Hydroxyl-driven construction of dual-emitting CsPbBr3/EuWO4(OH) composite for radiometric thermometer and information encryption applications

Abstract

Self-assembled inorganic metal halide perovskite composites with high emitting efficiency, tunable multimode emission and stimuli-responsive luminescence demonstrated great potential in diversified luminescence applications. Here, a novel CsPbBr₃/EuWO₄(OH) composite was successfully prepared through the surface adsorption of Pb²⁺ ions on hydroxylated EuWO₄(OH) microsheets and subsequent nucleation of CsPbBr₃ peroviskite quantum dots (PQDs) by the anti-solvent crystallization in CsBr containing N,N-dimethylformamide (DMF) solution. Due to the distinct fluorescent thermochromic switching properties of temperature-insensitive Eu³⁺ and sensitive CsPbBr₃ PQDs emitting centers, the resultant CsPbBr₃/EuWO₄(OH) composite exhibits excellent ratiometric temperature sensing performance.

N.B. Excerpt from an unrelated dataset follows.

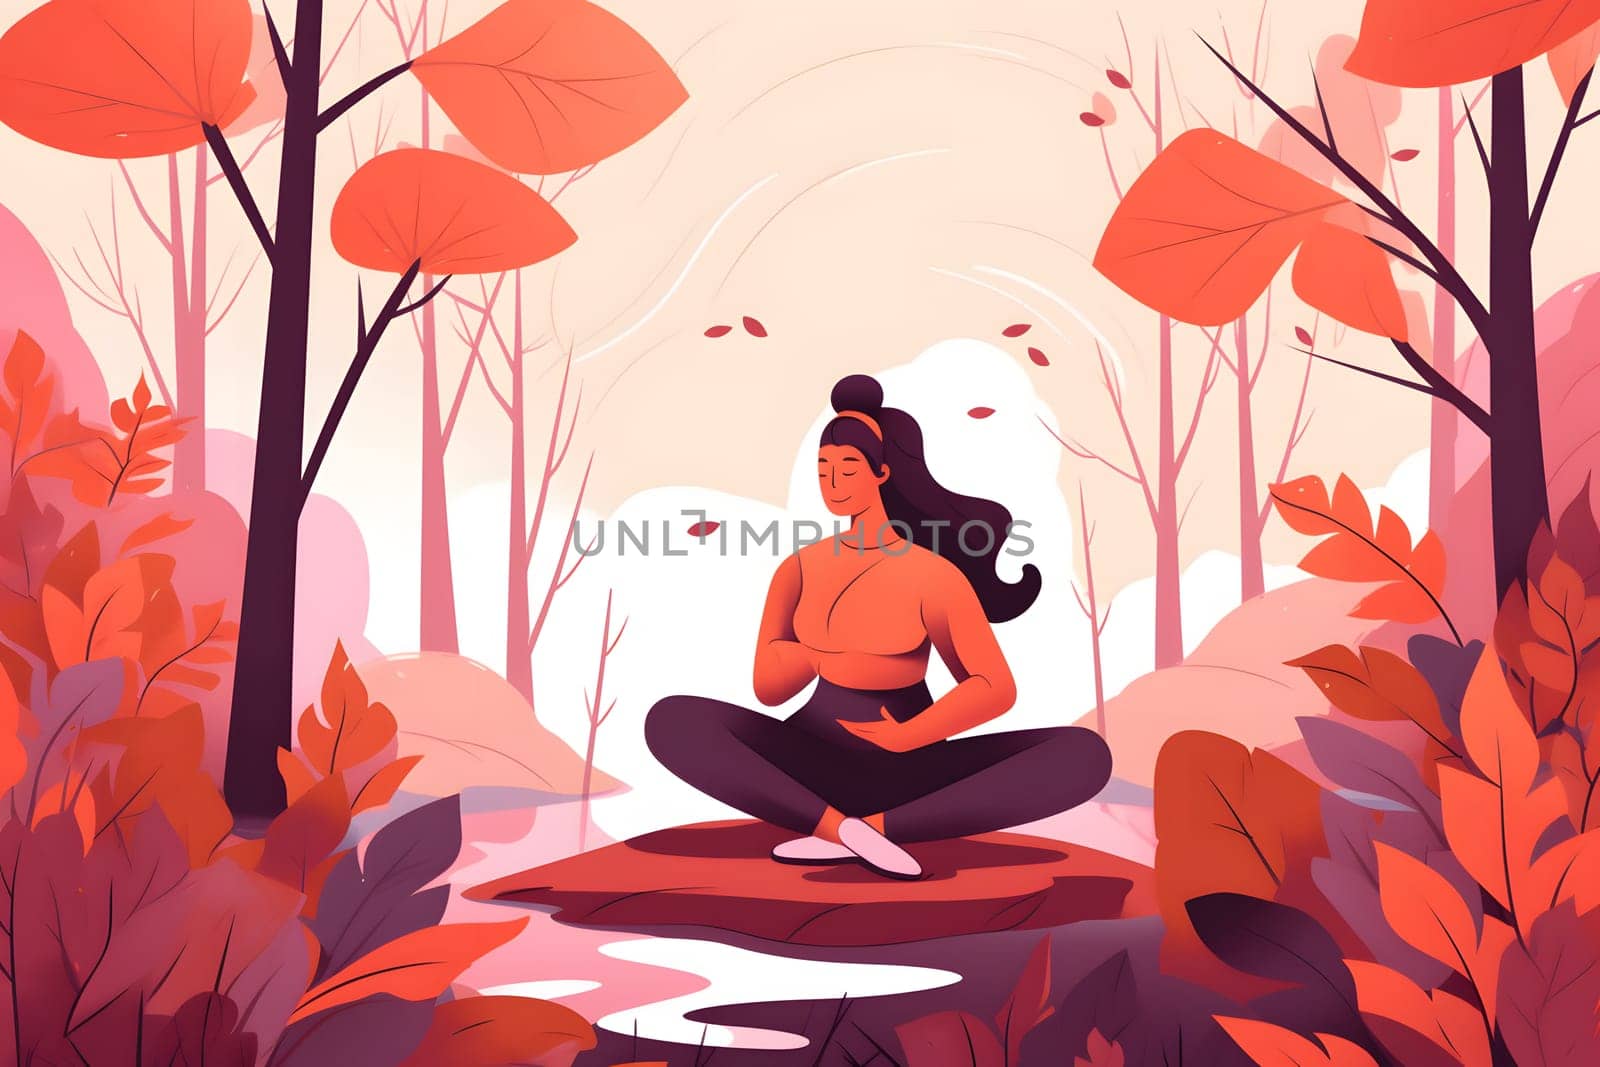 2d flat style illustration of woman meditating in autumn forest in lotus position surrounded with leaves., neural network generated image by z1b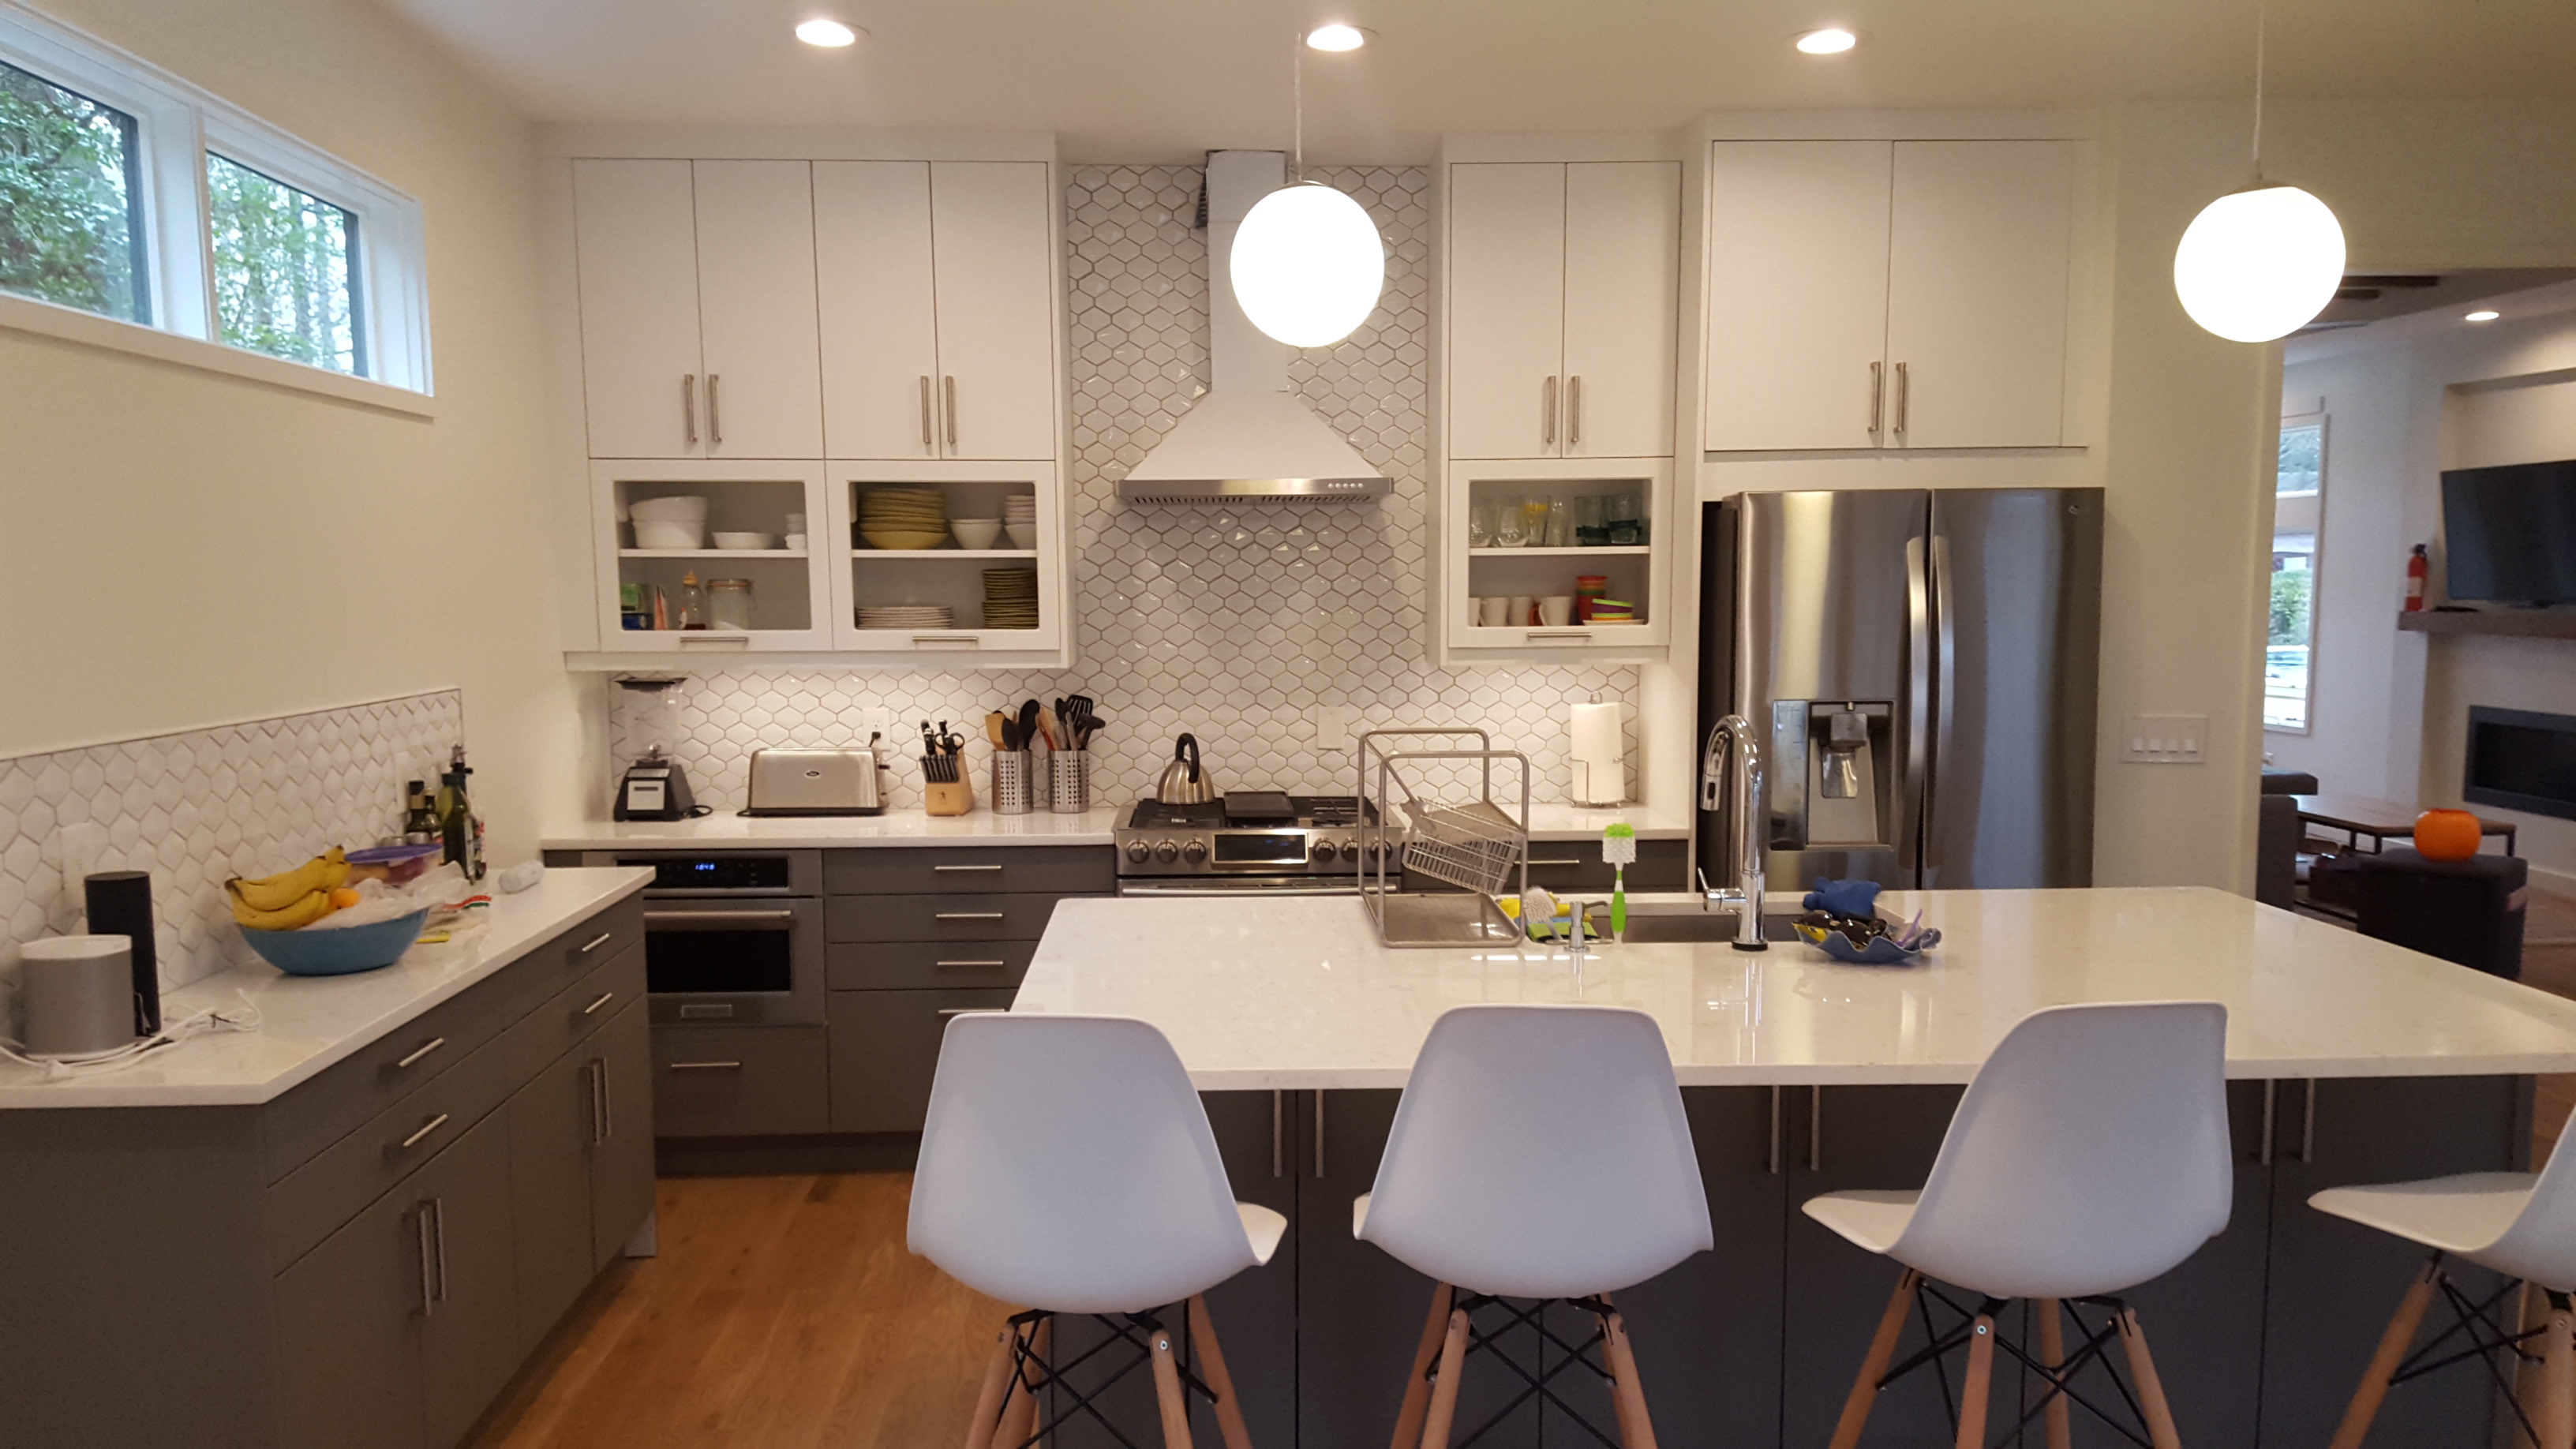 How to Get the Kitchen Design Style You Love with Affordable IKEA

The CsPbBr₃/EuWO₄(OH) thermometer based on the fluorescence intensity ratio (FIR) technique originating from emissions of Eu³⁺ to CsPbBr₃ PQDs was then explored with a high temperature sensitivity (S_r) of 5.8 % ℃⁻¹ at 54 ℃. In addition, a high-security-level information encryption scheme was proposed by utilizing the excitation-wavelength-dependent switchable fluorescence of CsPbBr₃/EuWO₄(OH) composite. This study provides a simple and feasible strategy for assembling dual-emission CsPbBr₃/EuWO₄(OH) composite, showing potential applications in optical ratiometric thermometry and information encryption fields.